Given the challenge of penciling deals today, how important of a role is foreign capital going to play going forward?
Bhatt: We have found that overseas capital can sometimes have a different viewpoint than maybe domestic capital. Some of the groups overseas think of investment periods in seven-, 10- and 20-year cycles versus three-, five- and seven-year cycles. So, for some of the deal flow we’re working on we think that overseas capital can be a really good fit.
What markets are you most focused on now in the U.S.?
Bhatt: In 2021, when we had lower rates and the market was very active, we were able to generate a lot of buzz for deals in primary and secondary markets, but also tertiary markets. What we’ve seen in the last 12 to 15 months is sort of a refocus from the capital side on the larger primary secondary markets, and less on those tertiary markets. Even within the primary and secondary markets, location now matters. So whereas 18 months ago it was a little easier to convince somebody to do a deal that’s an hour outside of Atlanta or in Austin, today we will get asked why are we going this far out and are there opportunities available closer to job centers or to education centers. What we’re seeing is a little bit of a flight to larger locations and better locations within a submarket or a city. We’ve also tailored our approach accordingly with clients to say if you’re dealing with a tertiary market it’s going to be that much harder today to capitalize than it was 18 months ago. In terms of the focus for us, we’re looking across the Sun Belt at the larger secondary and primary markets on the coasts. The Midwest has also been an interesting spot in the market.
Franklin: What we’re noticing now is that if you look at rent growth, the Sun Belt has been outperforming for a long time, and now it’s starting to have a big pullback in a lot of these markets with a lot of supply coming online.
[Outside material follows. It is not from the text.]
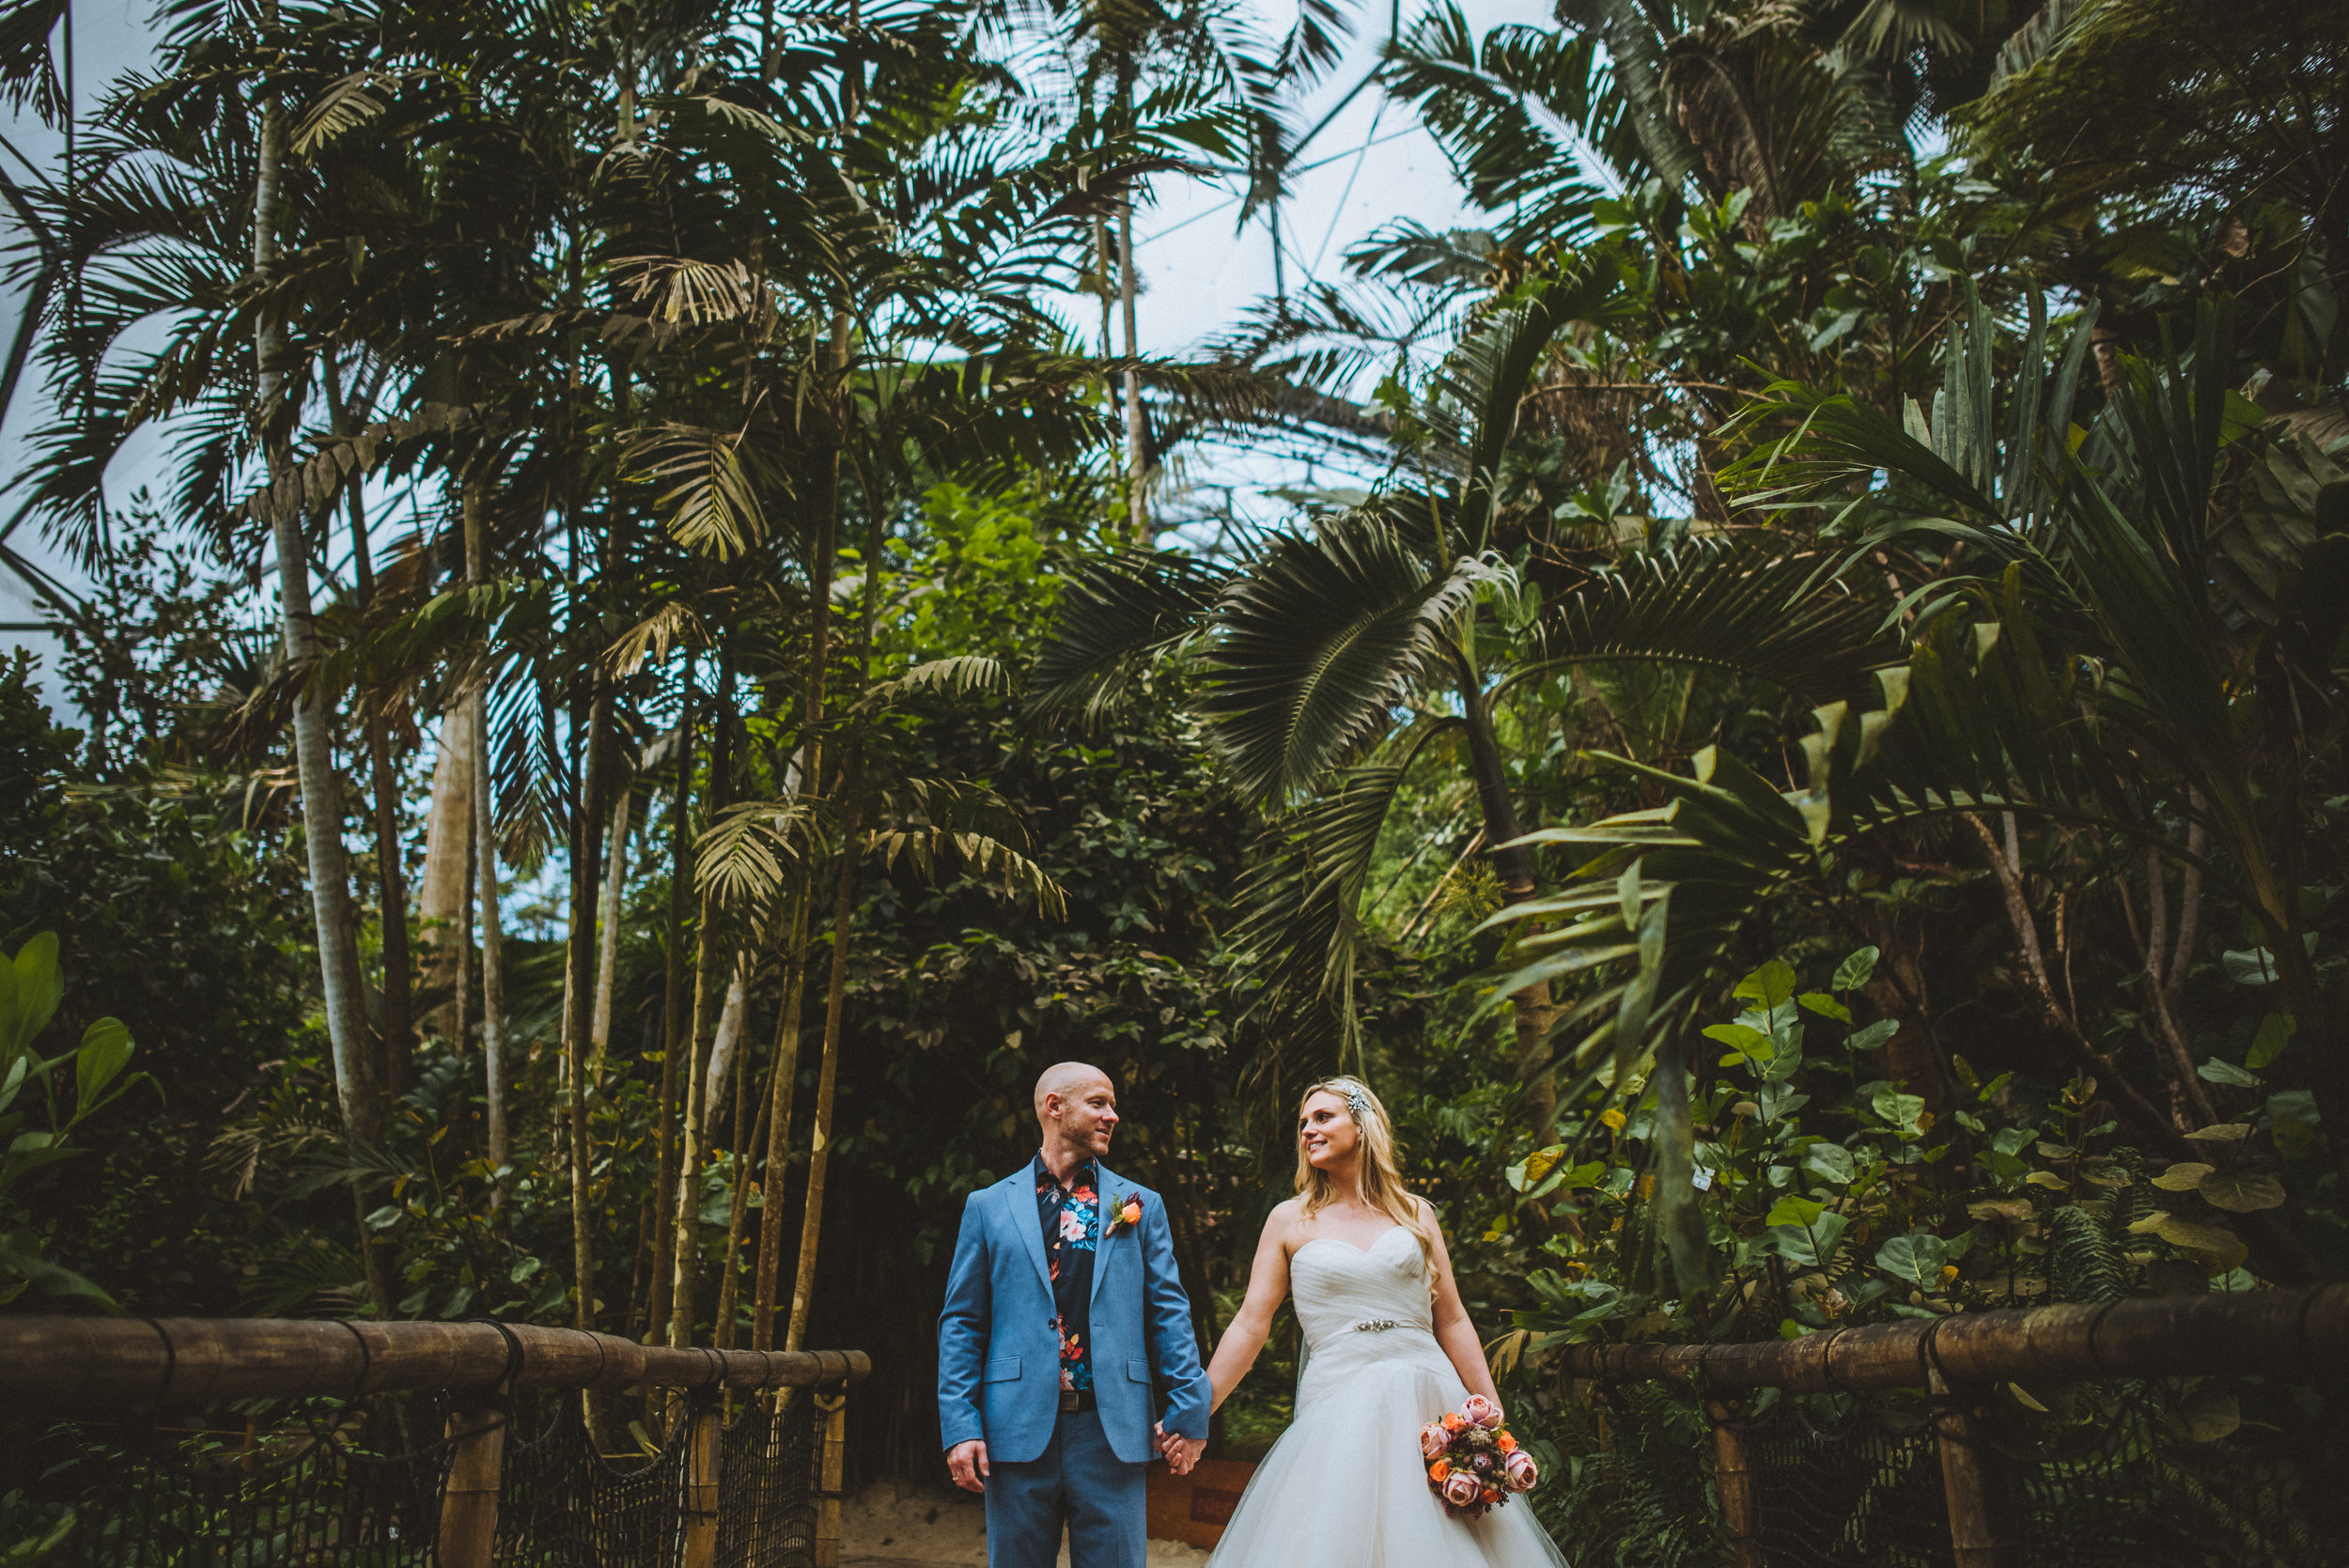 wedding-photographer-eden-project-1.jpg

What we’ve noticed recently is that the rent growth, which has been steady in the Midwest for a long time, is now having a bigger pop in some of these Midwestern markets. So our team has been starting to reconnect with a lot of our owner-operator clients that are focused on more larger Midwest markets right now, and we think there might be a lot more interest in those markets going forward. Indianapolis, for example, is something that we’re looking at. Columbus, Ohio is another market we’ve been studying and seeing a lot of demand for. There’s real job drivers there, and there’s jobs and there’s rental growth still going on there.
We’re still seeing a huge amount of interest in the Mountain West, too. Salt Lake City and Denver are two markets we’re spending a lot of time in right now talking to owner operators and developers trying to help them find equity partners there. We really want to plant the flag there. We’re also seeing a lot of demand on the East Coast with the Raleigh-Durham area.
Last, how would you say the rising interest rate environment has affected multifamily demand overall?
Bhatt: Real estate as an asset class is somewhat tied to leverage, and when the cost of that leverage expands as much as it has in the last 12 to 18 months and as quickly, you’re going to see an impact. There’s a lot of numbers out there, but overall multifamily trades are down around 60 to 70 plus percent compared to last year, and certainly we’ve all seen that at the ground level. Individual deals are going to be more challenging to get done and you’re seeing projects being shelved in many markets. The challenge for our operators and acquisition groups is there are just not that many deals out there for them to underwrite and pick up, but maybe that will change over the next six to 12 months.